You can also refer to this- What to expect from your Force Majeure Clause.

The legal precedents established during COVID-19 contract disputes provide valuable guidance for evaluating the strength of tariff-related contractual claims. Our previous analysis of force majeure drafting during the pandemic offers additional perspective on these assessment frameworks.

Strategic Implications for Indian Export Practice

The current trade environment represents both challenge and opportunity for Indian exporters willing to invest in contractual sophistication. Companies that develop robust frameworks for managing trade volatility through contract design will likely emerge with competitive advantages over those that treat such risks as external factors beyond legal management.

This evolution requires legal teams to develop new competencies in trade risk assessment, economic analysis, and strategic commercial planning. The traditional role of legal counsel as contract drafter must expand to include risk strategist and commercial advisor.

Rewriting contracts with resilience as a core principle represents more than defensive positioning. It constitutes strategic repositioning for sustained international competitiveness. Going forward, legal teams must move from reactive redlining to proactive stress testing. A well-structured contract today serves as the best buffer against tomorrow's tariff wave.

The sophistication required for this contractual evolution extends beyond drafting new agreements. Legal teams must also develop expertise in assessing when existing contractual language supports relief claims and when it creates liability exposure. The lessons learned from pandemic-era force majeure disputes provide crucial guidance for navigating similar challenges in the trade context.

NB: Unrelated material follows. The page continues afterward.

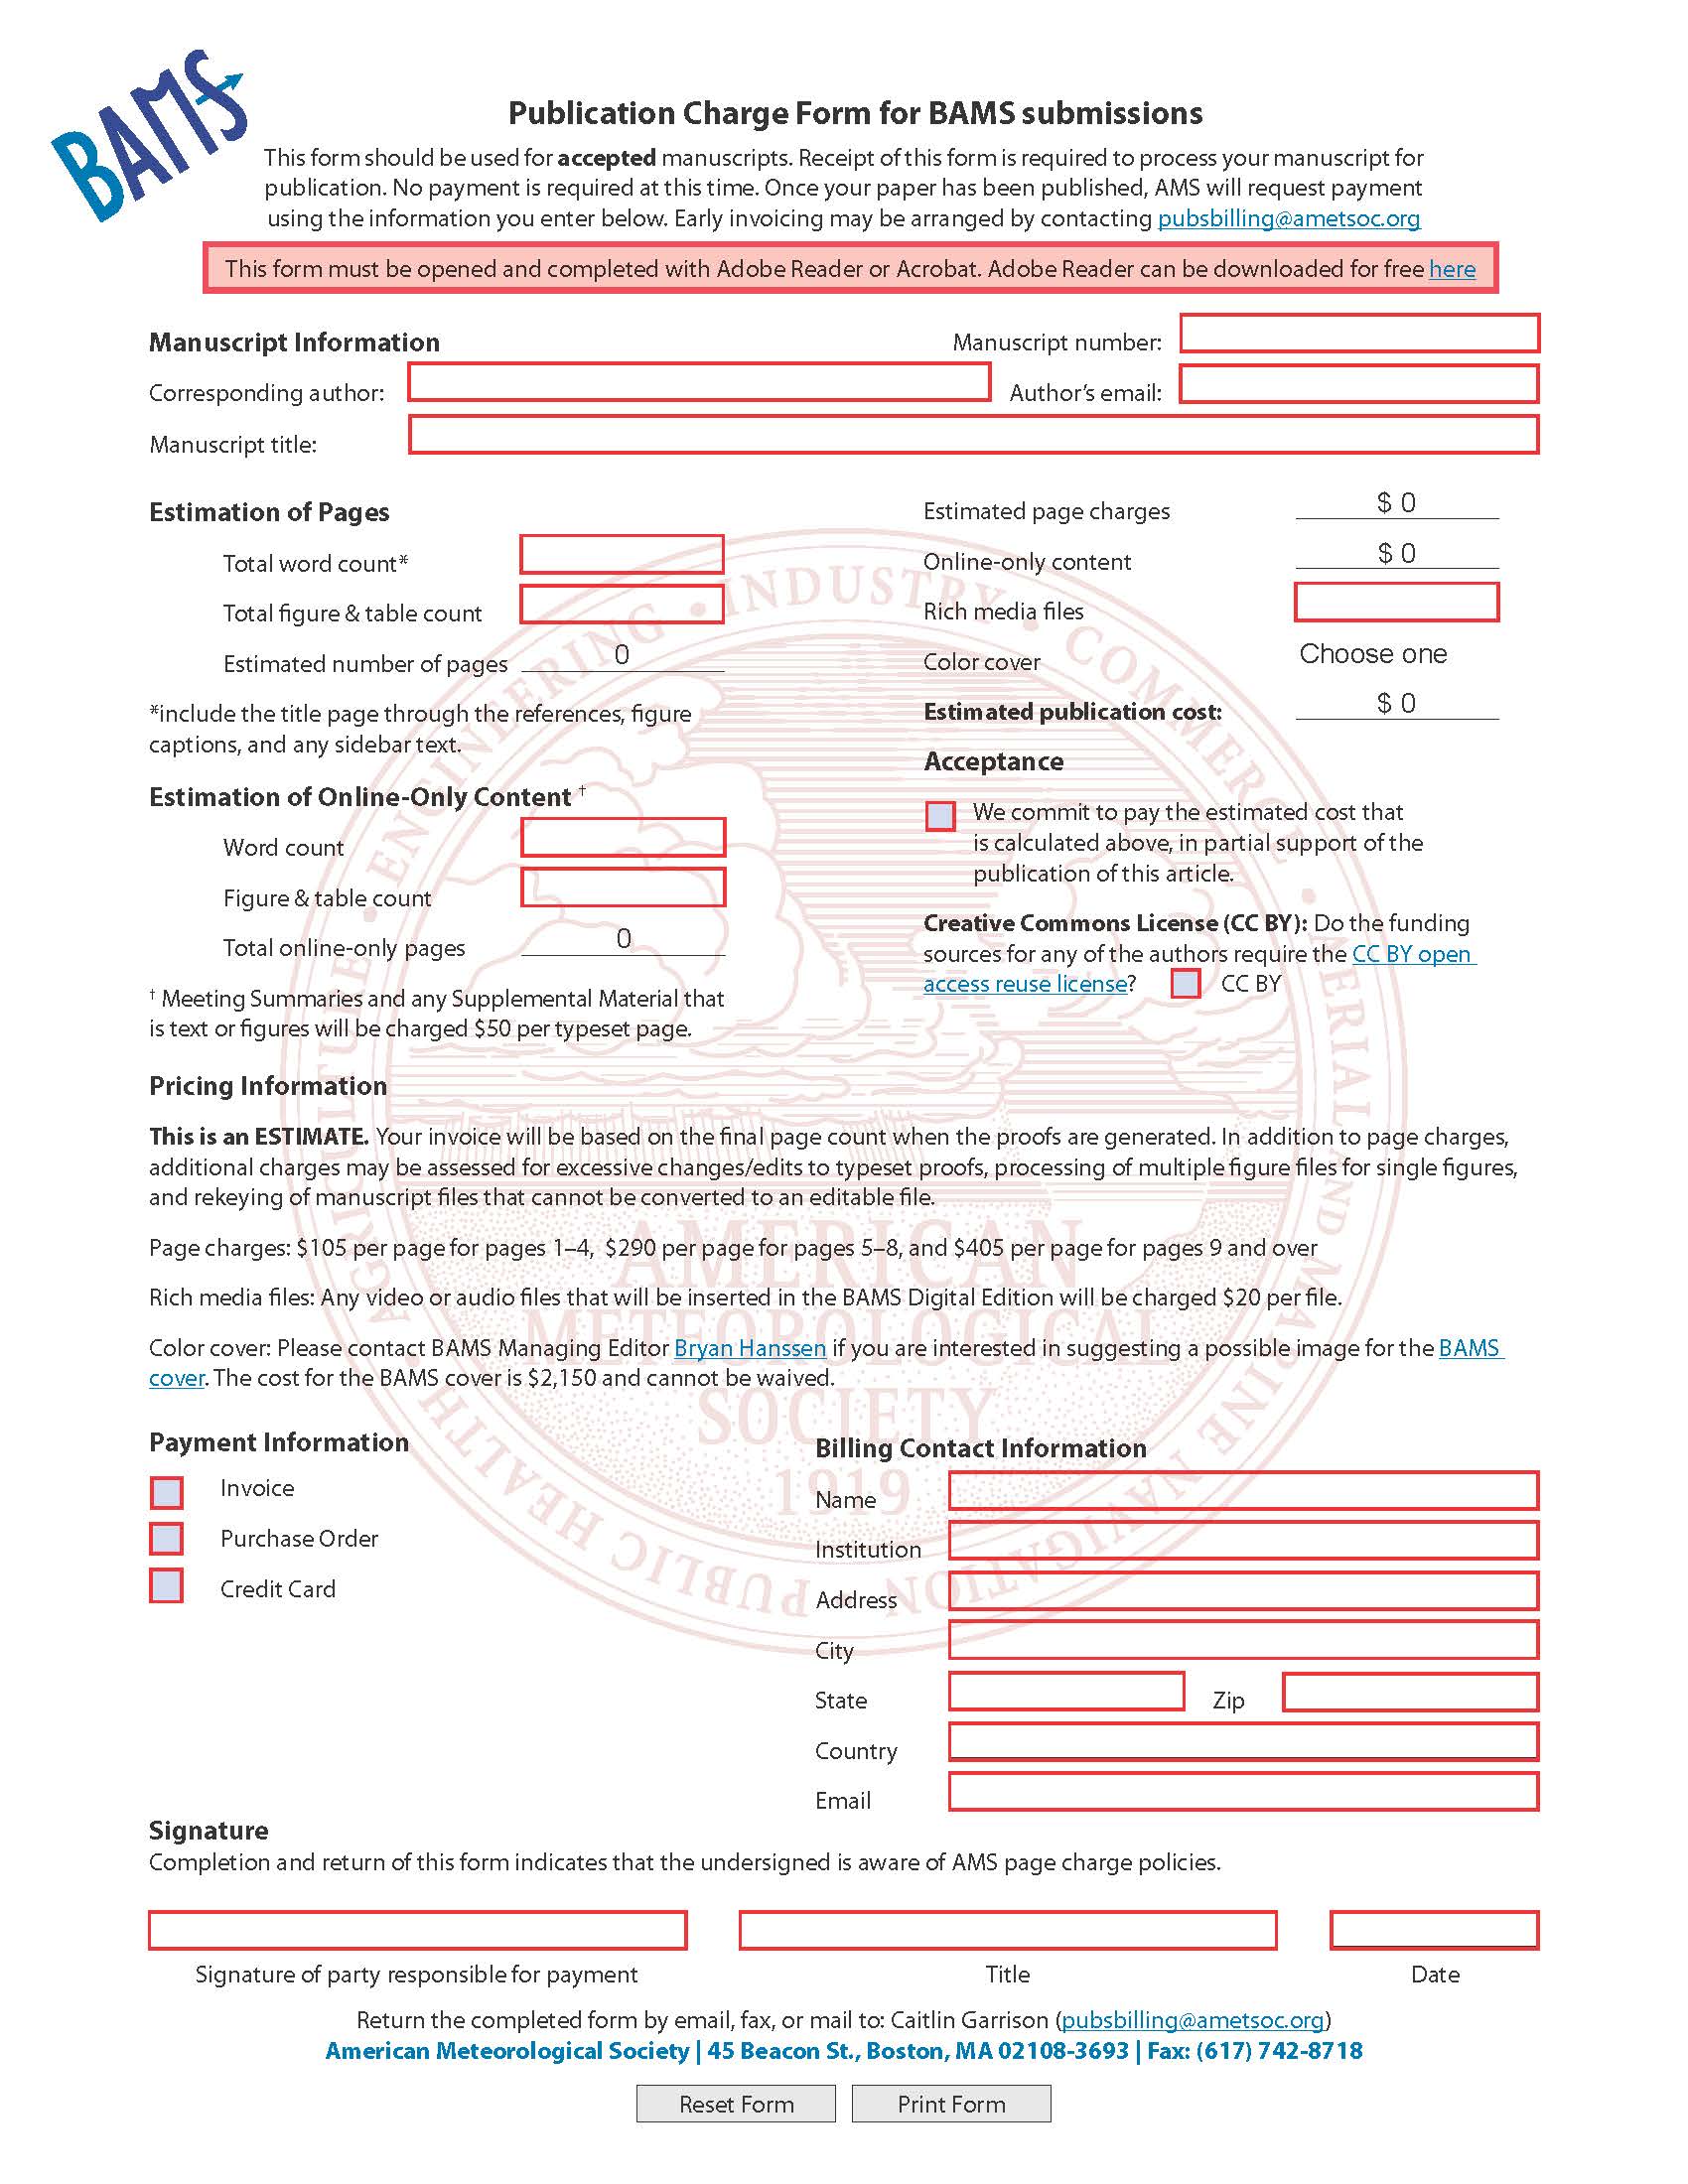 Download the BAMS Publication Charge Form as a PDF

The legal profession's response to this challenge will significantly influence Indian exporters' ability to navigate an increasingly complex international commercial environment. Those who embrace contractual innovation as a strategic tool will find themselves better positioned to serve clients facing unprecedented trade volatility.

The content of this article is intended to provide a general guide to the subject matter. Specialist advice should be sought about your specific circumstances.